Review by Barney Angliss

15 Nov 2015, 19:30

Neurotribes: The Legacy of Autism and How to Think Smarter About People Who Think Differently

I went to university believing that a copy of Dee Brown’s Bury My Heart at Wounded Knee would equip me to understand the violent history from which bled the palette of modern American literature. For all its grisly, unvarnished truth it was not sufficient for the purpose.

I feel the same about Steve Silberman’s study of autism. This is not a history of autism, though I wish it were. To be fair, its author doesn’t claim that. In an elegant foreword, neurologist Oliver Sacks credits Silberman with “illuminating as no one has before the history of Leo Kanner and Hans Asperger and their clinics . . .” and presenting “the remarkable shifting of attitudes toward autism and Asperger’s over the past few decades”. That narrows it down quite accurately; and narrow it is. The enormous success which the book has already enjoyed encouraged the view that this is an autism bible. It’s synoptic but it ain’t the gospel. At best it’s a history of the clinical groundwork by which we have come to define autism.

To give Silberman his due, he artfully reconnects the Australian anthropologist Judy Singer’s coining of the term “neurodiversity” with an assignment she received from a rabbi during her youth, in which she had to improve upon the Ten Commandments. She began: “Honour diversity…” Thus Silberman acquits himself and his title. That Neurotribes is rich in such tender anecdotes may be its greatest strength; that it is engorged with unnecessary detail is surely its most obvious weakness.

The opening chapter provides a florid portrait of the 19th-century scientist Henry Cavendish. “The contents of a lab cabinet cannot provide an inventory of a man’s emotional life,” states Silberman, who not only describes in endless detail the contents of Cavendish’s lab cabinet but also proves his own point. At least, in that first galloping narrative, Silberman does two worthwhile things: he acknowledges that for a very long time society has remarked upon its “eccentric” members even in the absence of a coherent explanation for their differences and he pitches a very straight ball — this is going to be a positive perspective on autism.

What criticism there has been centres on the suggestion that Silberman has perpetuated a glossy, engaging stereotype and painted an over-optimistic picture. I will declare an interest: I am diagnosed with Asperger’s syndrome and I spend most of my time teaching teenagers on the same point of the spectrum. For me, observing the subtlest motion in these children is invaluable and Silberman does the same, relaying the minutiae of conversations and journeys with autistic children.

Reaction to this perspective from within the autism community has not been wholly favourable. Silberman does what many people with an interest in autism do: he touches upon the qualities we lack before capturing in essence those that we have in plenty. But he gives too little space to the experiences of non-verbal and profoundly learning disabled autistics. He completely neglects the impact of epilepsy, so highly correlated with autism and so much in our own news recently.

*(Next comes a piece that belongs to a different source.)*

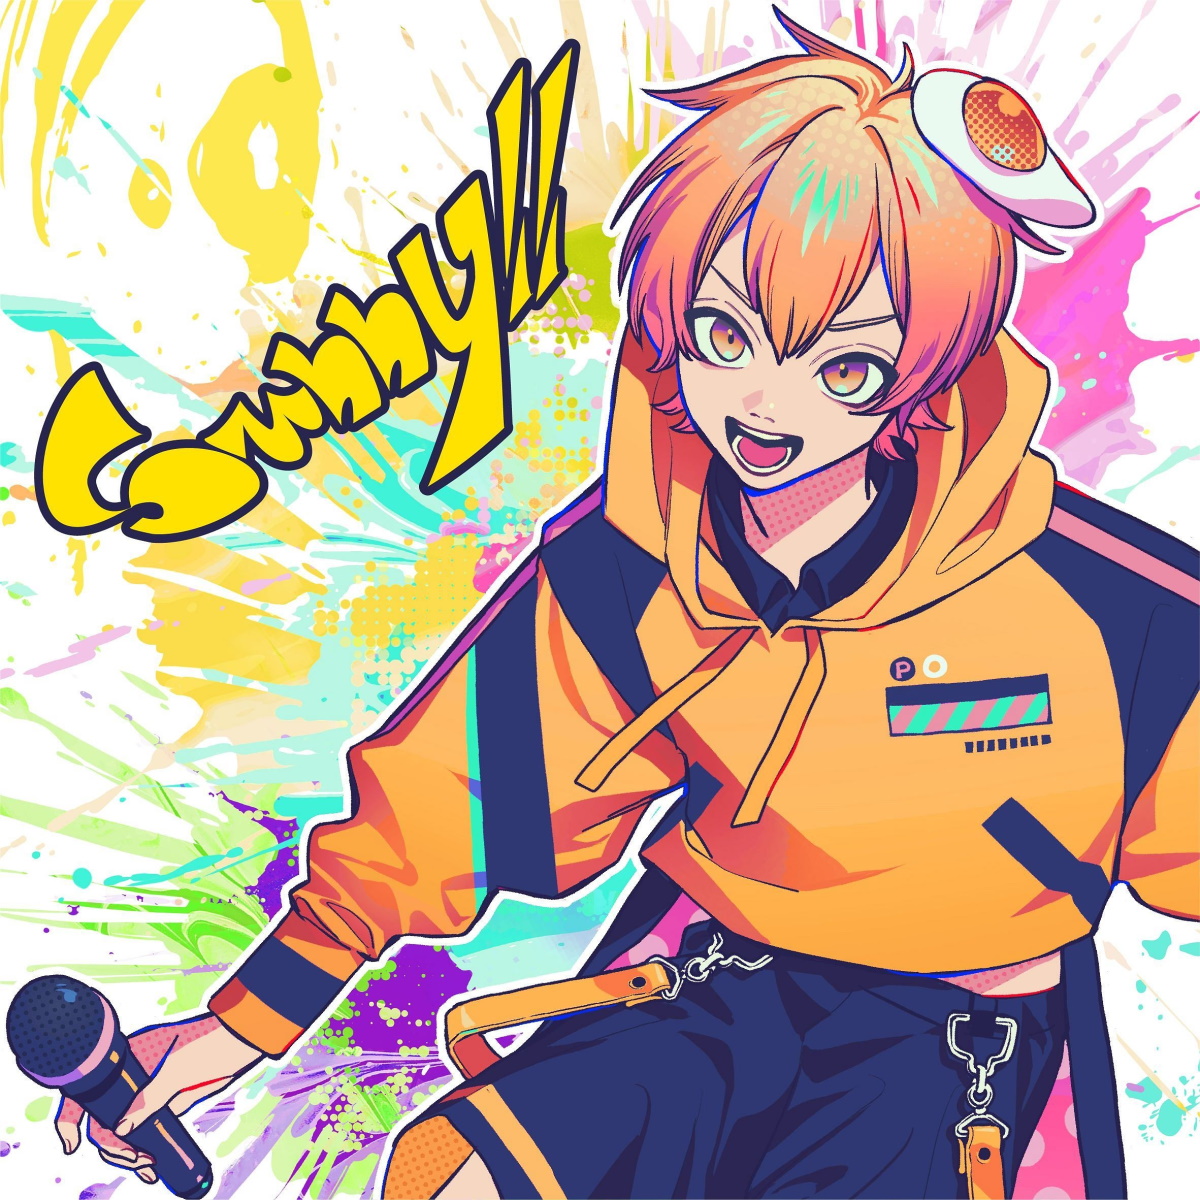 Cover for『PMaru-sama - Sherbet』from the release『Sunny!!』
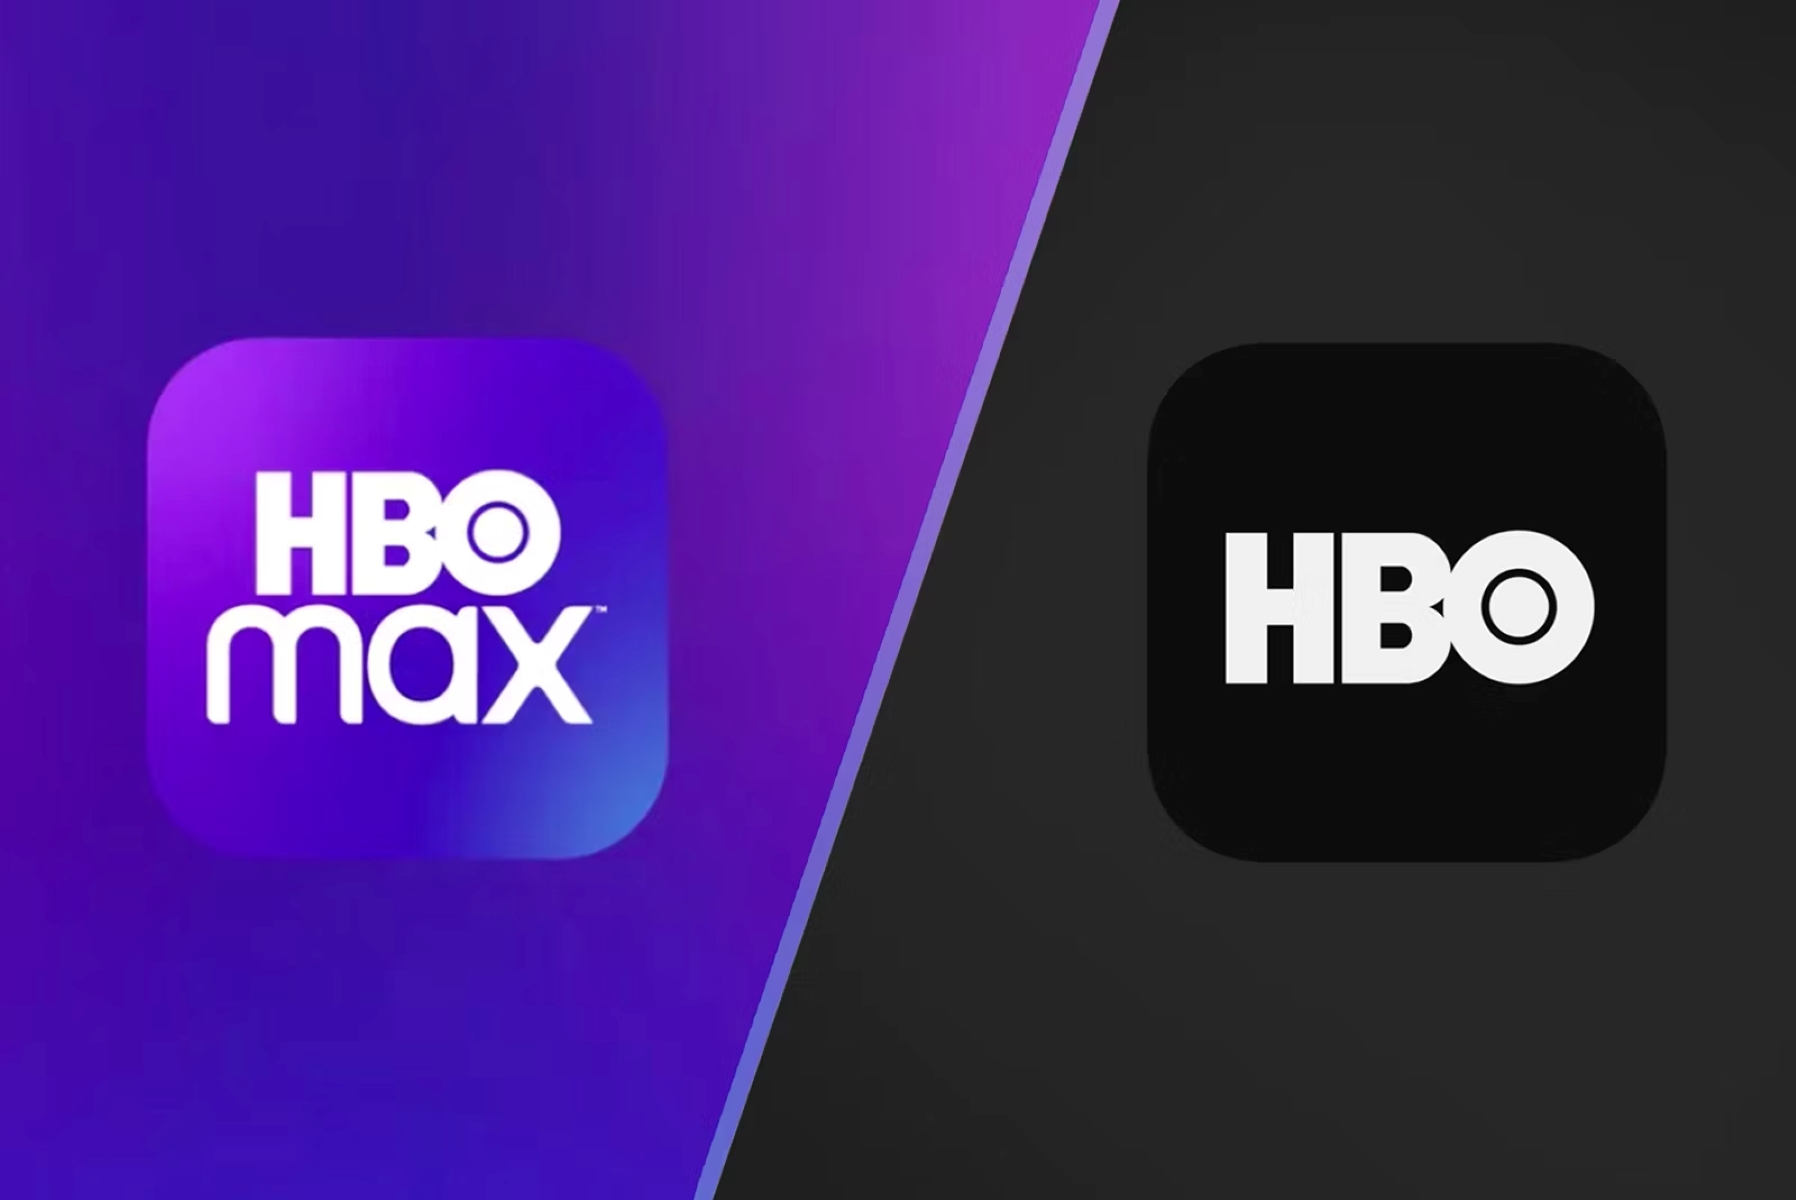 What Is The Difference Between HBO And HBO Max

Equally frustrating is the dearth of alternative perspectives: he strenuously exposes those who pathologised autism even until the 1990s, but he offers only neurology and, in his final chapter, a compensatory approach to education and employment, as means to reshape the experience of autism. But that’s not the whole story. Silberman could have re-examined social dimensions of autism through Foucault’s concept of “medical gaze” (in The Birth of The Clinic), Marita Sturken and Lisa Cartwright’s exposition of gaze in Practices of Looking or the substantive work of our own Katherine Runswick-Cole and Damian Milton.

Ultimately this is a book about neuroscience and many have drawn from that particular well. If I am grudging in my admiration of its detail, its energy, its sense of the historic moment, that’s because what I hoped for was a book about “us” and this feels very much, still, like a book about “them”. It reports forensically the way in which society stitched its clinical form upon this muumuu we call “autism”; and if that’s what you want, it’s absorbing.

Mr Angliss has donated his fee for this review to Action For Asperger’s, in Corby.